What needs to be done: This exercise requires an exact output of the listing, images omitted.

──────── Provided material

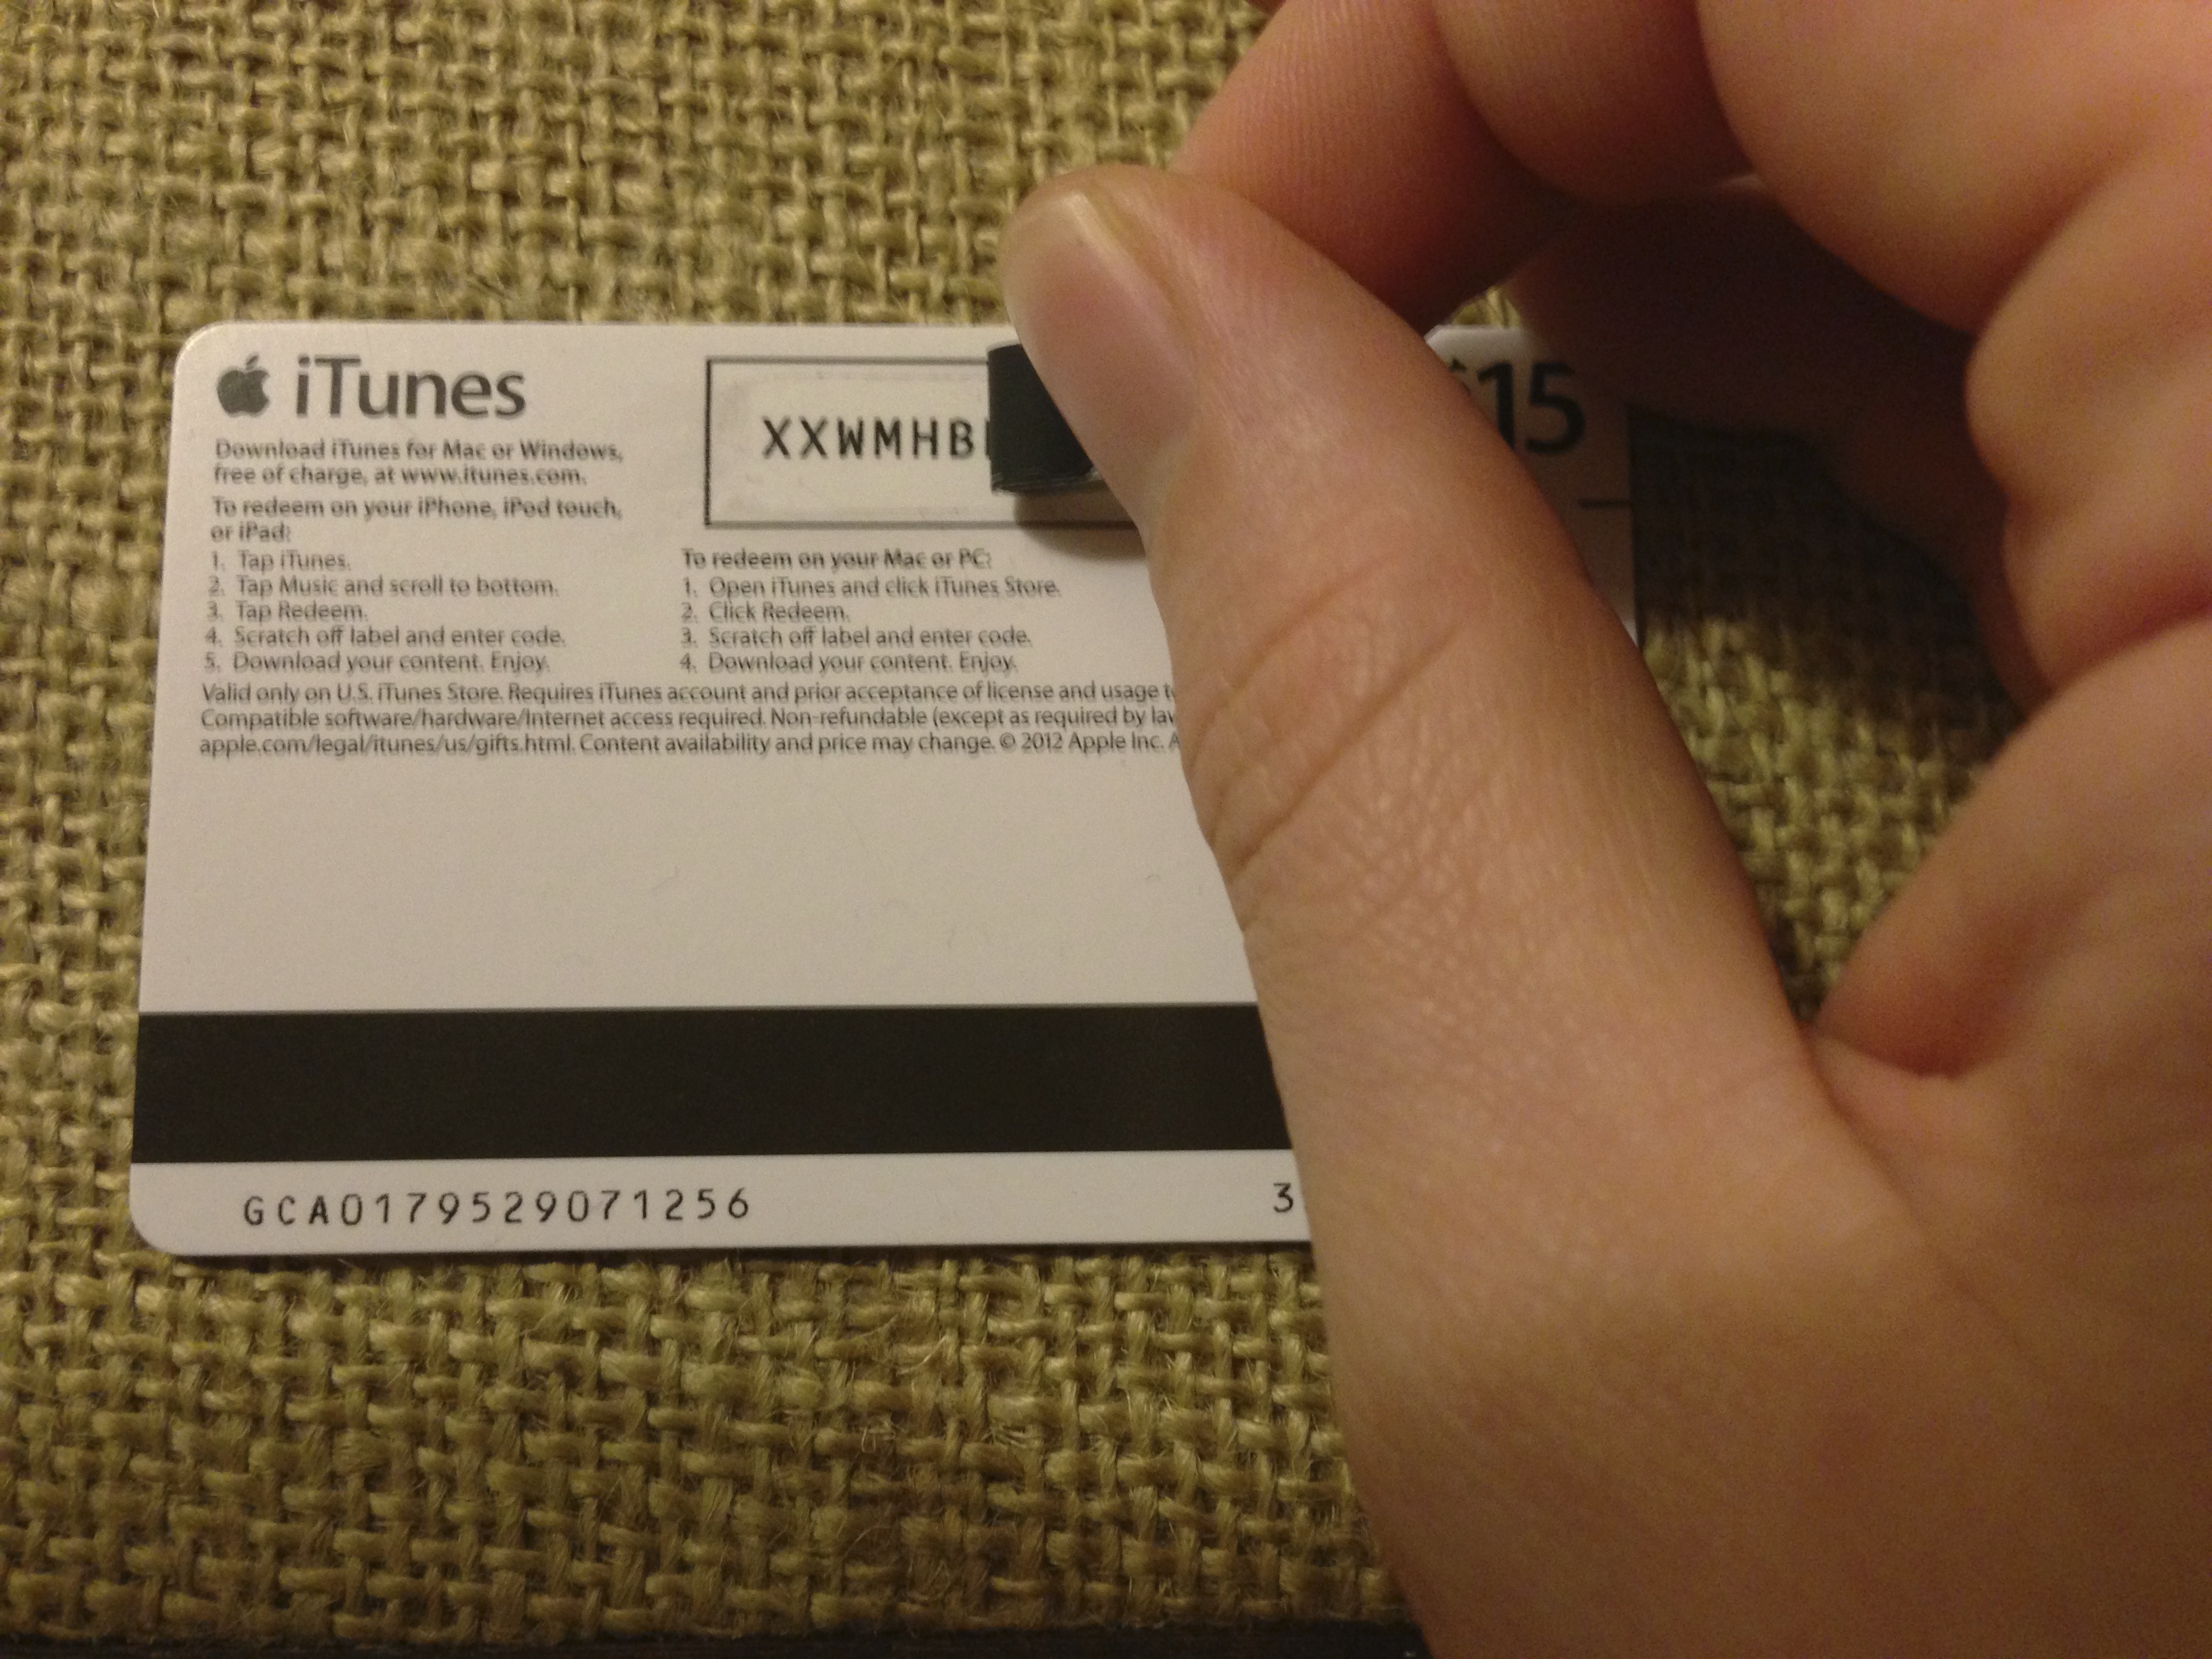 Apple Improves iTunes Gift Card Redemptions for the Holidays - TidBITS
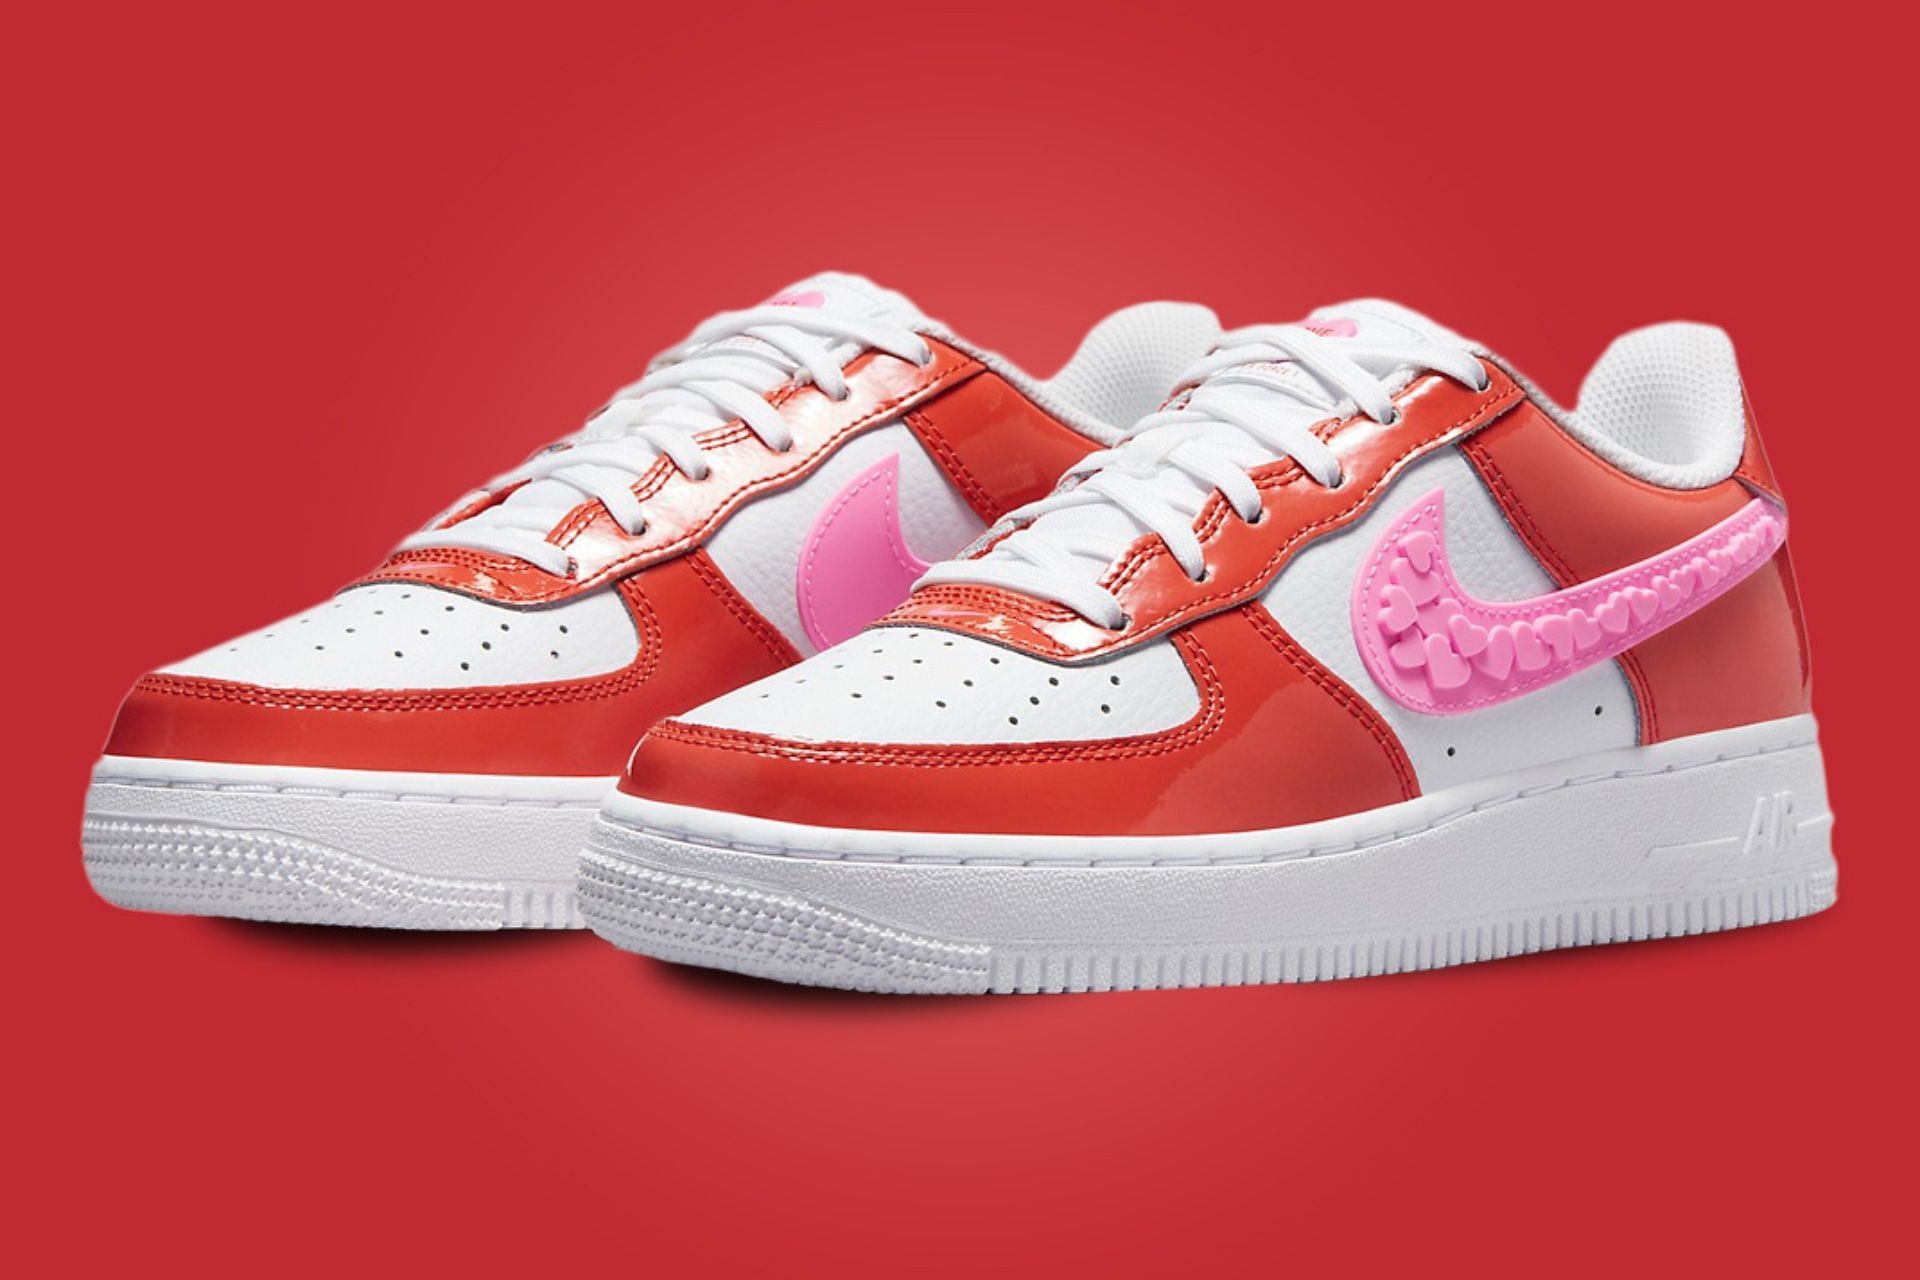 Nike Air Force 1 Low SNKRS Day 2022 Release Details - JustFreshKicks
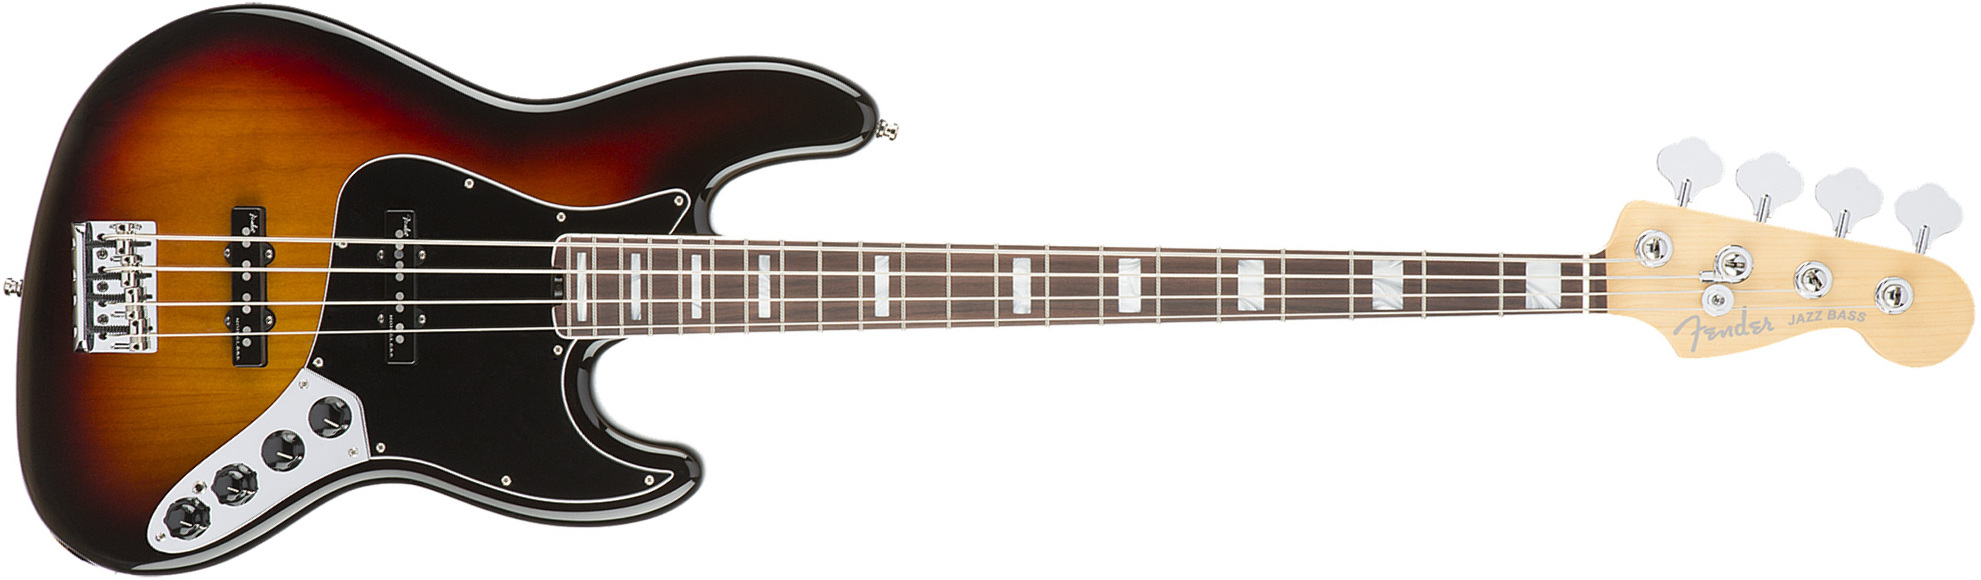 Fender Jazz Bass American Elite 2016 (usa, Rw) - 3-color Sunburst - Solid body electric bass - Main picture

────────────────

Task solution:
 Apple Improves iTunes Gift Card Redemptions for the Holidays - TidBITS
 Nike Air Force 1 Low SNKRS Day 2022 Release Details - JustFreshKicks
 Fender Jazz Bass American Elite 2016 (usa, Rw) - 3-color Sunburst - Solid body electric bass - Main picture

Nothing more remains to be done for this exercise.